The Securities and Exchange Commission (SEC) filed a lawsuit against Coinbase in Manhattan federal court, accusing the largest U.S. cryptocurrency platform of operating illegally and evading disclosure requirements. The SEC claims that Coinbase allowed trading of at least 13 crypto assets that should have been registered as securities, including Solana, Cardano, and Polygon. The regulator seeks financial penalties and a court order requiring Coinbase to comply with U.S. securities laws.


While some jurisdictions, like the European Union, have started to establish regulations for the crypto industry, the U.S. has taken the lead in regulatory actions. Over the past decade, the SEC has initiated more than a hundred enforcement actions, arguing that various cryptocurrencies are securities. However, the Coinbase case will serve as a significant test of the regulator's authority over the industry.

In addition to Coinbase, the SEC also sued Binance, alleging that the world's largest crypto exchange participated in an elaborate scheme to evade U.S. securities laws. Coinbase denies listing any securities, while Binance expressed disappointment with the case and intends to defend against the allegations.

Coinbase and other industry players have consistently asserted that most cryptocurrencies, operating on a blockchain network, do not meet the definition of securities under U.S. law. They have called for clearer regulations and guidance from the SEC, highlighting the regulator's vagueness and inconsistency in determining the securities classification of digital assets.

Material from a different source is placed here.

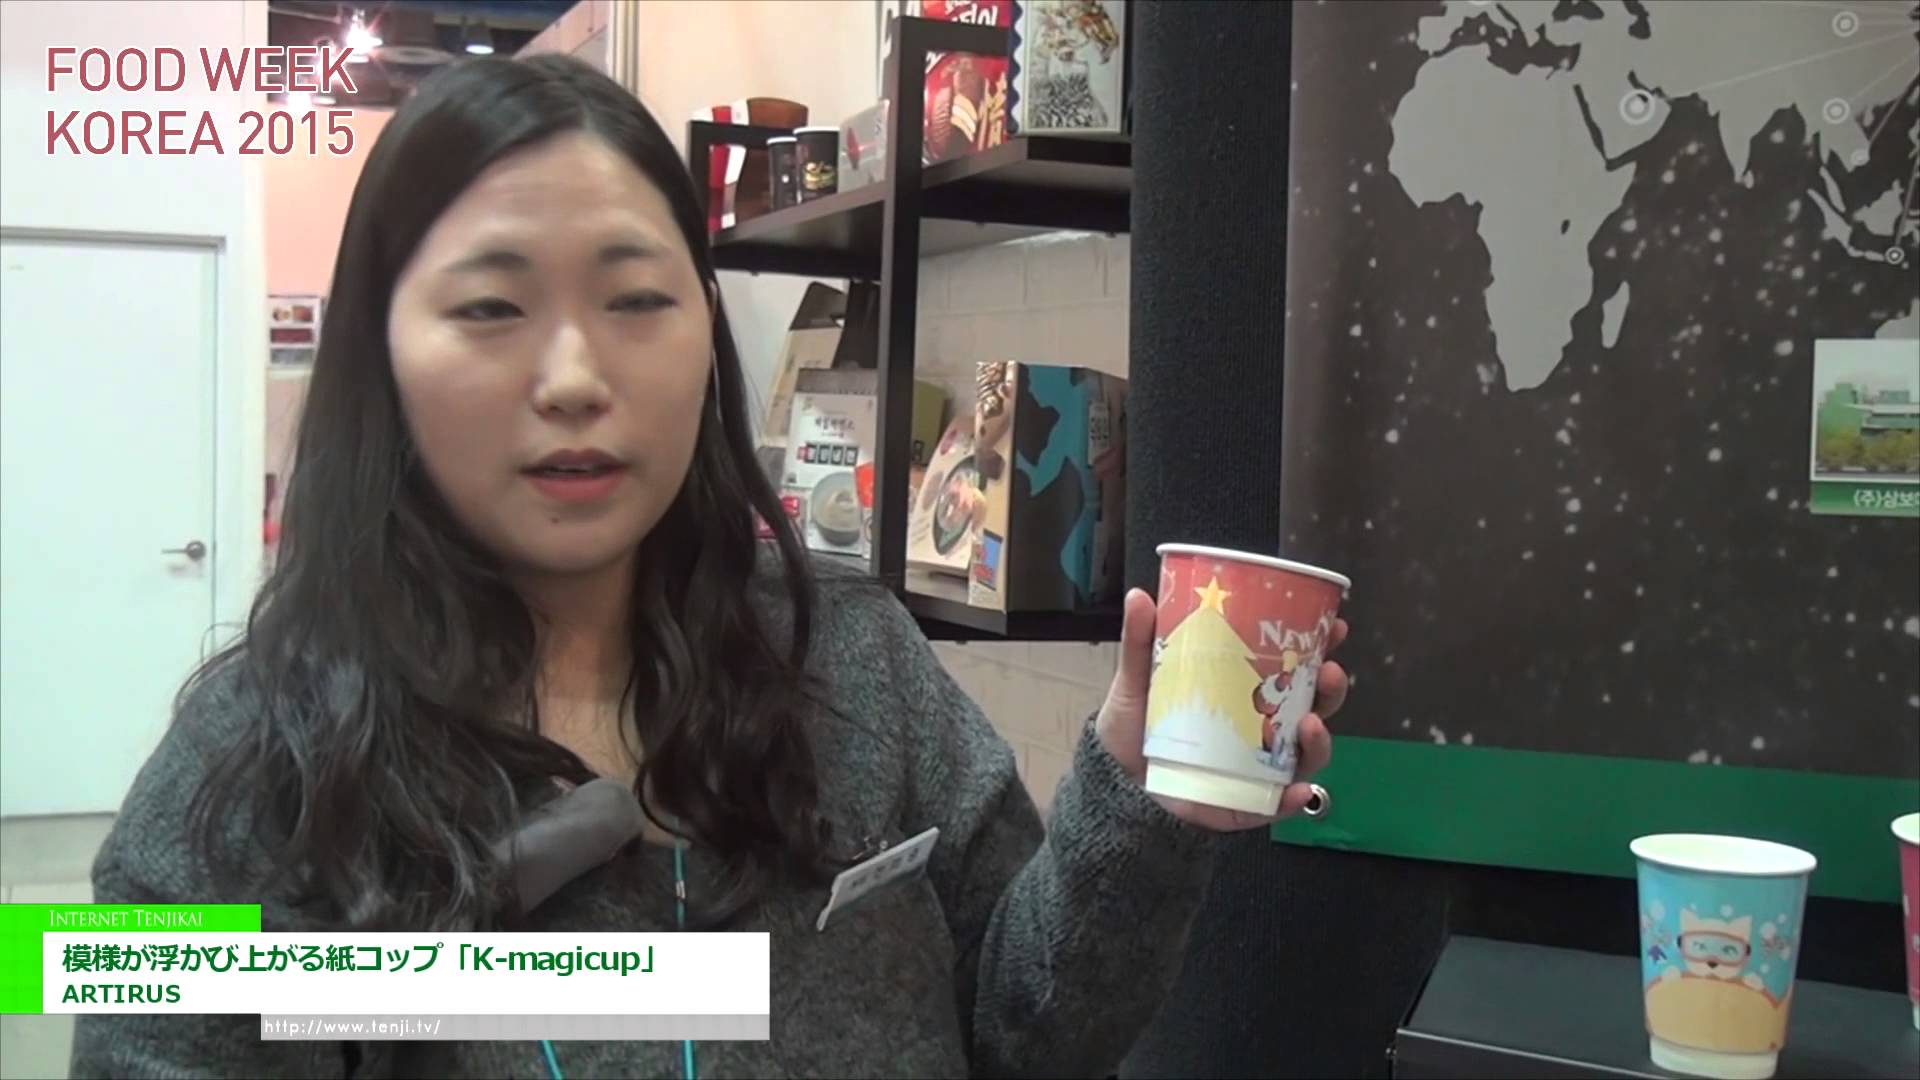 [Food Week Korea 2015] 模様が浮かび上がる紙コップ「K-magicup」 - ARTIRUS
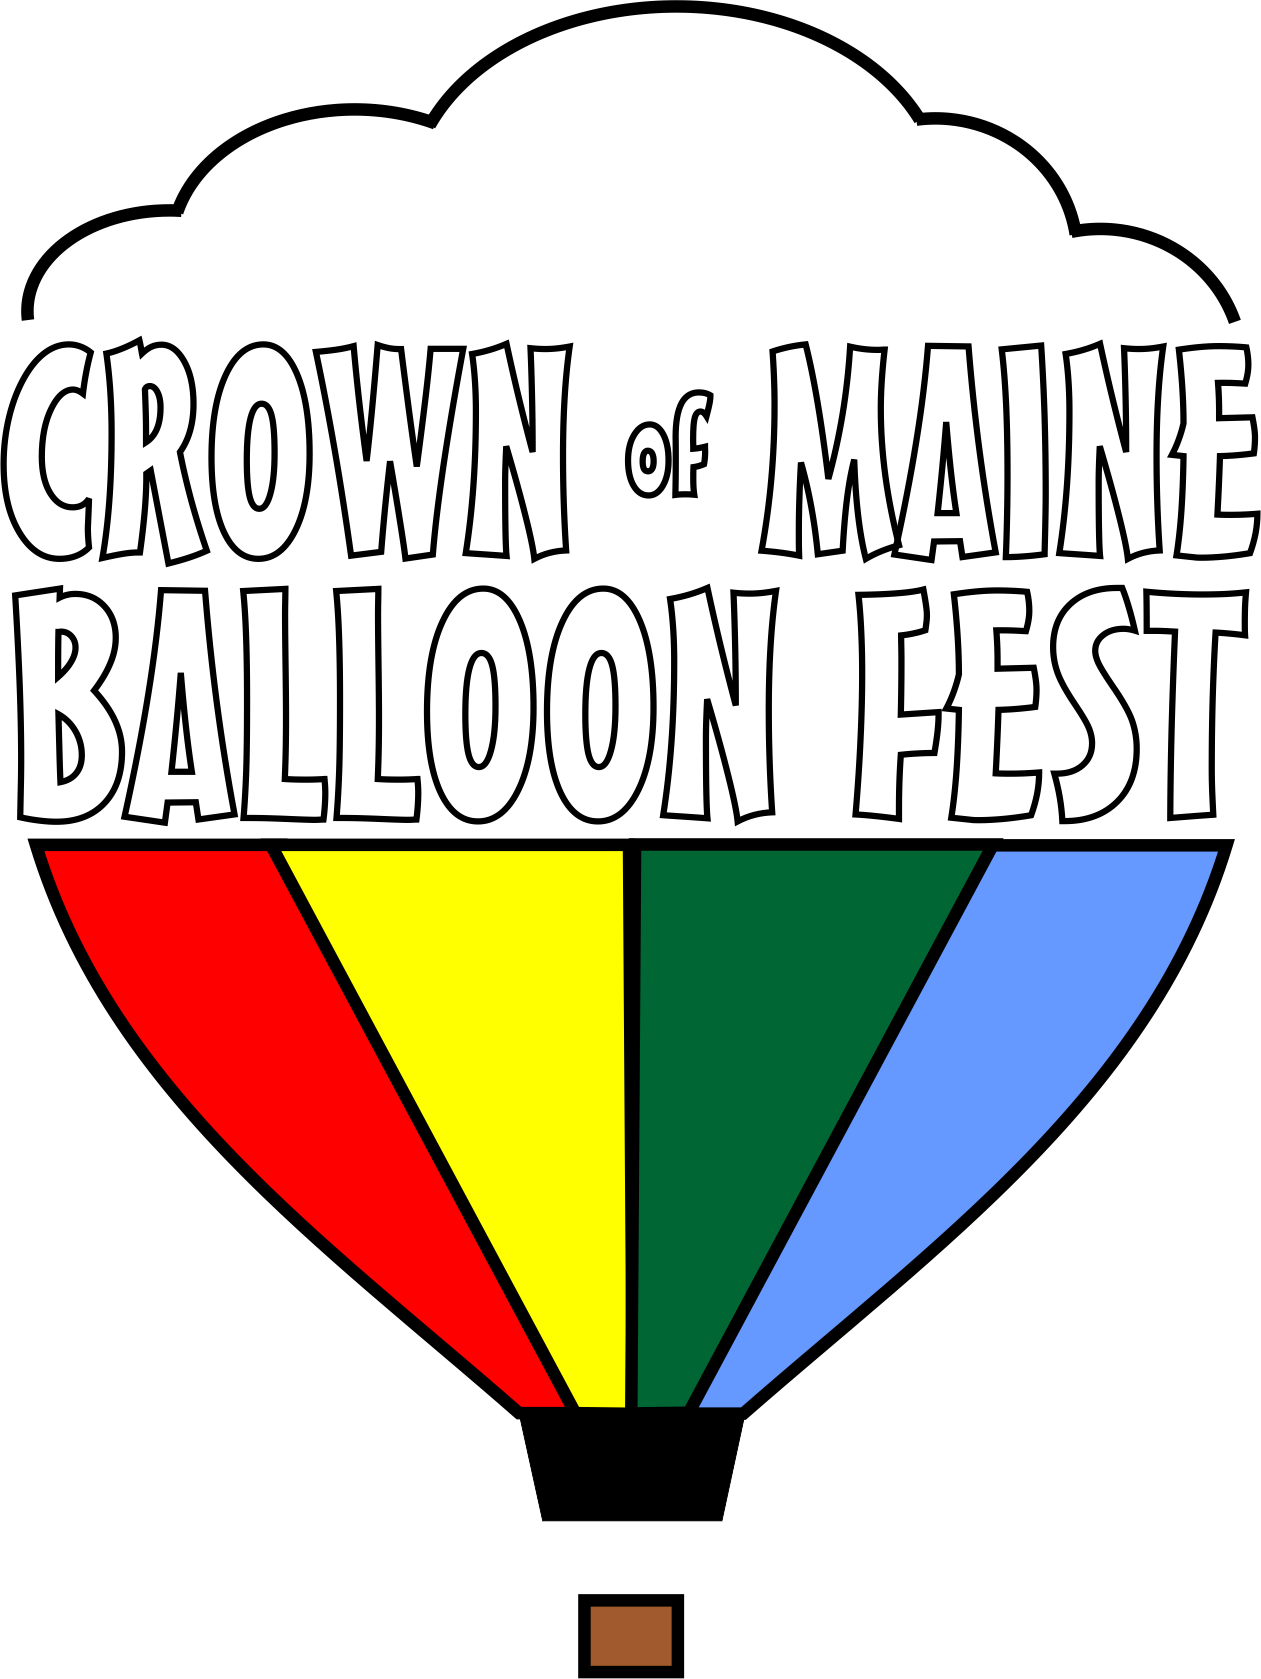 Crown of Maine Balloon Fest

To support their argument that crypto assets are securities, the SEC relies on a 1946 U.S. Supreme Court case involving the W. J. Howey Co., which dealt with investors in Florida orange groves. The court defined an investment contract as "an investment of money in a common enterprise with profits to come solely from the efforts of others." Securities, unlike commodities, are subject to strict regulations and require detailed disclosures to inform investors about potential risks.


Many of the SEC's previous crypto-related cases have concluded with settlements, where companies paid fines and committed to complying with U.S. law. In some instances, this has led to exiting the U.S. market or discontinuing cryptocurrency projects. When cases have gone to court, judges have generally agreed with the SEC's argument that specific crypto assets qualify as securities. The courts considered developers' statements linking the value of the assets to the growth or maintenance of associated blockchain systems as evidence that investor profits relied on the efforts of others. The courts also determined that investors participated in a common enterprise as their funds were pooled by the token issuer to develop the relevant systems.


The SEC's case against Ripple Labs regarding XRP, currently the sixth-largest cryptocurrency globally, is expected to be the next significant case to be resolved. Ripple argues that there was no common enterprise since the blockchain associated with the cryptocurrency was fully operational before XRP was ever sold.